Bechtel seems to have gone so far as to incline toward perfectionism, and attacked the 114th question of the Heidelberg Catechism.  Boehm attacked them in two pamphlets, his “Letter of True Warning,” August 23,1742, and again in his “Another Letter of Warning,”  May 19, 1743. These warned the Reformed against this new movement. As a result the congregations remained true to their old Reformed faith, although a number of individuals went over to the Moravians. Even the congregation at Germantown, which had been carried over, soon tired of its pastor, Bechtel, and he had to resign in 1744. Boehm had thus saved the Reformed Church in her first great controversy. He thus proved to be her defender, as well as her founder and organizer.

 

But the shadows of age began to creep over Boehm, and, as he says in the letter above, he felt the burden of his labors to be too heavy. Those upon whom he had hoped to cast the burden of his labors failed him. It was, therefore, with great joy and relief that he found two ministers arriving in Pennsylvania, in 1746, to relieve him. Rev. Mr. Weiss returned from New York state, and Rev. Michael Schlatter arrived from Holland, with instructions from the Reformed Church of Holland to organize the Pennsylvania congregations so that they could be provided with ministers.

 

The first meeting of Boehm, the aged founder, and Schlatter, the new organizer of our Church, took place at Witpen, September 7, 1746.

 

About two weeks later Mr. Boehm took Mr. Schlatter and Mr. Weiss to visit his  Tulpehocken congregation, September 25, where these three administered the communion. He gladly relinquished to Mr. Schlatter the congregation at Philadelphia and installed him as its pastor, January 1, 1747. While Mr. Schlatter traveled up and down among the Reformed settlements, organizing them, Boehm aided him with his advice.
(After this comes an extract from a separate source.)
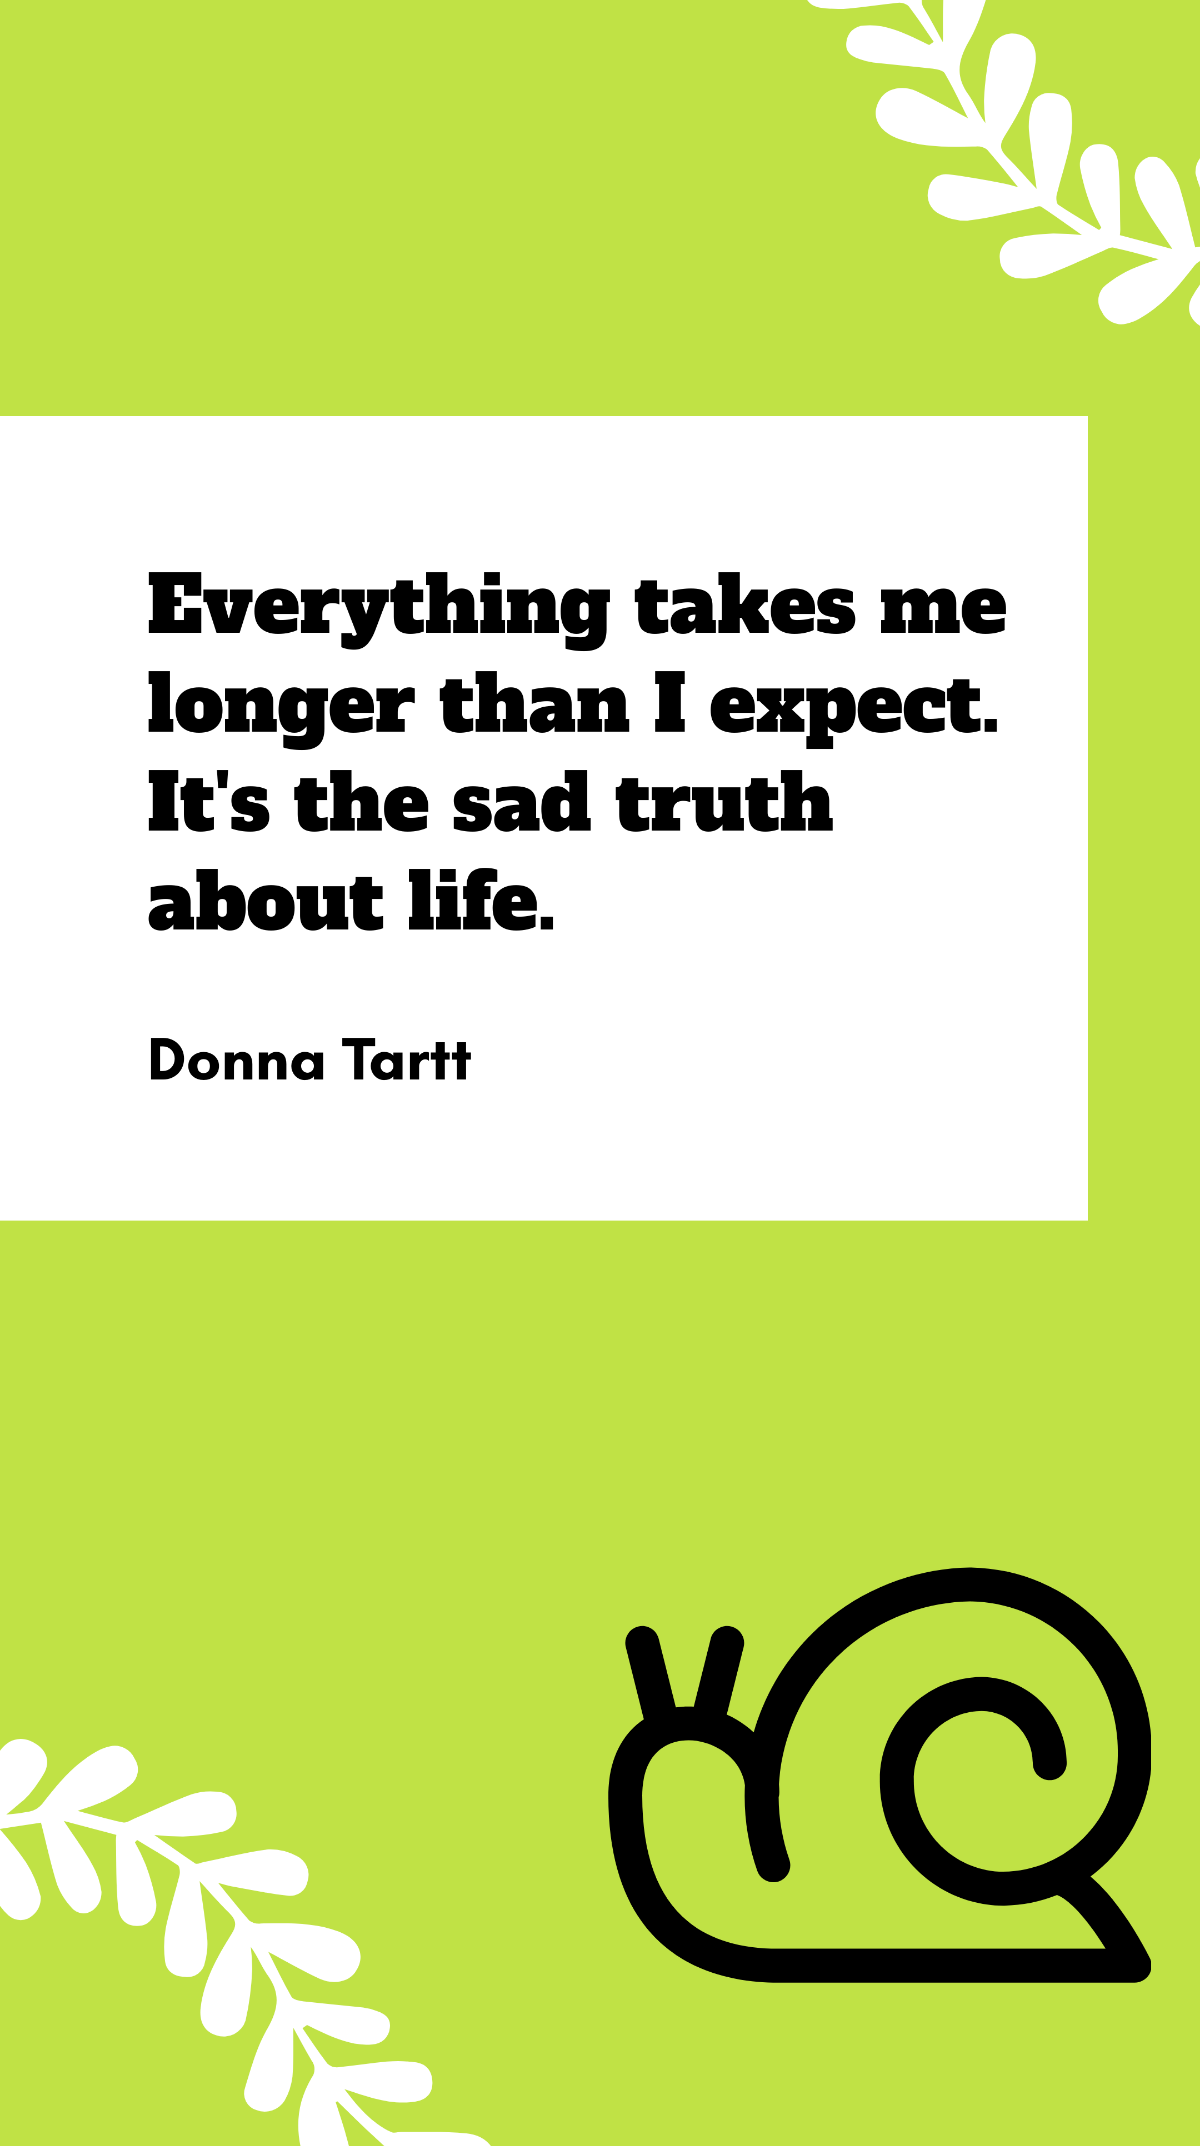 Donna Tartt - Everything takes me longer than I expect. It's the sad truth about life. Template

And when the first Coetus met, September 29, 1747, he acted as its secretary. He was very glad the next year to have three more Reformed ministers arrive, one of whom, Mr. Bartholomaus, took charge of his Tulpehocken congregation, while Mr. Rieger had taken charge of his Schaefferstown congregation.

 

Rev. Mr. Leydich also took his two congregations at Falkner Swamp and Providence (Trappe).  Boehm now limited his labors to the Reformed around his home at Witpen and organized there a congregation in 1746—the congregation now named after him (“Boehm’s Church”). But it was hard work. The numbers were few. Most of them were poor. They built their church, but could not furnish it. Still they labored on in hope, encouraged by their aged pastor. But Boehm’s missionary spirit could not be restrained. He had so long been accustomed to travel great distances to minister to shepherdless flocks.  And so when a request came from the Macungie and Egypt congregations at the beginning of 1749, as they were without a pastor, to come and supply them, he could not refuse in spite of his age. That self-denying zeal and devotion led to his death, for it was while at Egypt to celebrate the communion, April 30, that he suddenly died on Saturday night, after having held the preparatory service.

 

Boehm deserves great honor for his industry, self-denial and faithfulness to his Church.  Our Church is just beginning to realize the greatness of his labors. For 24 years he preached the Gospel for almost no pay, supporting himself and his family by his own hands, while all the time he underwent great privations, labors and sufferings through the long journeys he took to his congregations. He traveled immense distances, faced great dangers, wore out his health and strength in the service of our Church, and died in the harness. He founded and organized our Church, defended her against the Moravians, gave her her constitution, and stamped her character upon her. He being dead, yet speaketh. Not only the congregation named after him, but also the whole Reformed Church in the United States, is a monument of his zeal and consecration.